X <- as.factor(c(1,1,2,2))
n <- 1000
a <- rlnorm(n)
# slightly more concise version of simulation
Y <- outer(a, X == 2, "*") + rnorm(n * 4)
library(dplyr)
##
## Attaching package: 'dplyr'
##
## The following objects are masked from 'package:stats':
##
## filter, lag
##
## The following objects are masked from 'package:base':
##
## intersect, setdiff, setequal, union
library(reshape2)
# first reshape your data into one-row-per-observation
reshaped <- Y %>%
melt(value.name = "y") %>%
mutate(x = X[Var2])
head(reshaped)
## Var1 Var2 y x
## 1 1 1 -0.9701810 1
## 2 2 1 -2.2132788 1
## 3 3 1 0.8182787 1
## 4 4 1 -0.6899683 1
## 5 5 1 0.8602347 1
## 6 6 1 -0.1008782 1
# then perform your glms like:
glms <- reshaped %>%
group_by(Var1) %>%
do(mod = glm(y ~ x, data = .))
# and tidy them into coefficients with:
library(broom)
coefs <- glms %>%
tidy(mod)
coefs
## Source: local data frame [2,000 x 6]
## Groups: Var1 [1,000]
##
## Var1 term estimate std.error statistic p.value
## (int) (chr) (dbl) (dbl) (dbl) (dbl)
## 1 1 (Intercept) -0.11815370 0.6882764 -0.1716661 0.8794983
## 2 1 x2 0.12695478 0.9733697 0.1304281 0.9081631
## 3 2 (Intercept) -0.93288088 1.1017830 -0.8467011 0.4863195
## 4 2 x2 4.10329225 1.5581564 2.6334276 0.1190007
## 5 3 (Intercept) -0.91932017 1.2485139 -0.7363316 0.5381830
## 6 3 x2 0.85663907 1.7656652 0.4851651 0.6755010
## 7 4 (Intercept) 0.28702313 0.8949300 0.3207213 0.7788319
## 8 4 x2 1.58216906 1.2656221 1.2501117 0.3377006
## 9 5 (Intercept) -0.06855478 0.6635304 -0.1033182 0.9271372
## 10 5 x2 0.43056647 0.9383737 0.4588433 0.6913861
## .. ... ... ... ... ... ...
The above is the unparallelized version- to parallelize, use multidplyr. Note that the multidplyr package is still in development, as are broom’s methods for dealing with it, so this takes a little more work.
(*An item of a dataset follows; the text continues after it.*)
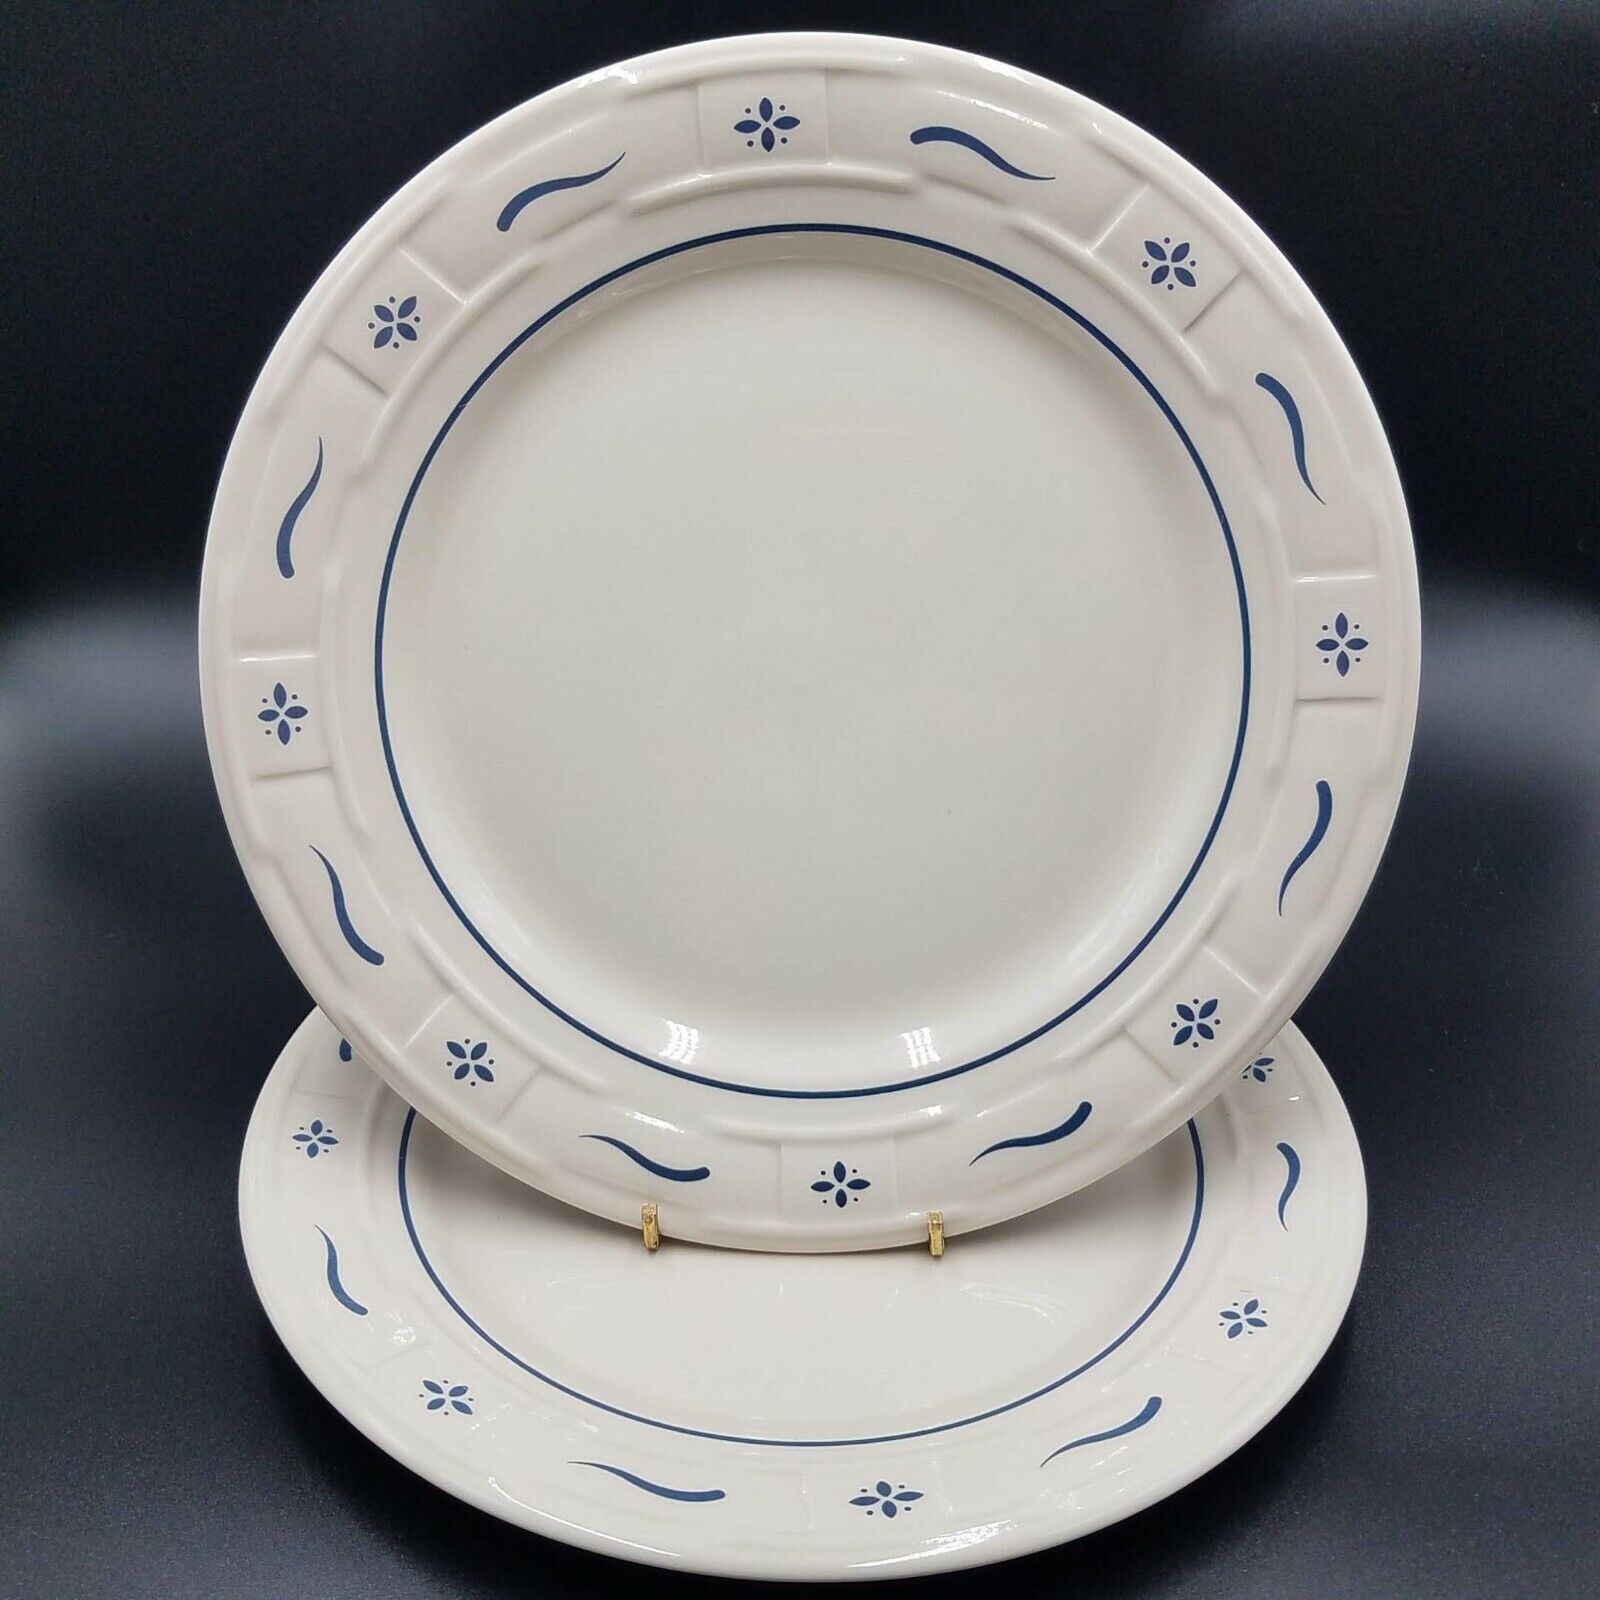 Longaberger Pottery Woven Traditions Classic Blue Dinner Plates (2) E. LIVERPOOL

Nor am I sure it works on a GPU specifically, though it works on multicore.
# first install devtools, then
# devtools::install_github("hadley/multidplyr")
library(multidplyr)
glms <- reshaped %>%
partition(Var1) %>% # like group_by, but across cluster
do(mod = glm(y ~ x, data = .)) %>%
collect() %>% # bring it back into memory
rowwise() # prep for tidying method
## Initialising 3 core cluster.
# then you can get coefs same way:
glms %>%
tidy(mod)
## Source: local data frame [2,000 x 6]
## Groups: Var1 [1,000]
##
## Var1 term estimate std.error statistic p.value
## (int) (chr) (dbl) (dbl) (dbl) (dbl)
## 1 1 (Intercept) -0.11815370 0.6882764 -0.1716661 0.8794983
## 2 1 x2 0.12695478 0.9733697 0.1304281 0.9081631
## 3 2 (Intercept) -0.93288088 1.1017830 -0.8467011 0.4863195
## 4 2 x2 4.10329225 1.5581564 2.6334276 0.1190007
## 5 3 (Intercept) -0.91932017 1.2485139 -0.7363316 0.5381830
## 6 3 x2 0.85663907 1.7656652 0.4851651 0.6755010
## 7 4 (Intercept) 0.28702313 0.8949300 0.3207213 0.7788319
## 8 4 x2 1.58216906 1.2656221 1.2501117 0.3377006
## 9 5 (Intercept) -0.06855478 0.6635304 -0.1033182 0.9271372
## 10 5 x2 0.43056647 0.9383737 0.4588433 0.6913861
## .. ... ... ... ... ... ...
Having the data in this format is useful. For example, p-value histogram:
library(ggplot2)
ggplot(coefs, aes(p.value)) +
geom_histogram() +
facet_wrap(~term)
## `stat_bin()` using `bins = 30`. Pick better value with `binwidth`.
Volcano plot:
coefs %>%
filter(term == "x2") %>%
ggplot(aes(estimate, p.value)) +
geom_point() +
scale_y_log10()
See my broom paper for more examples.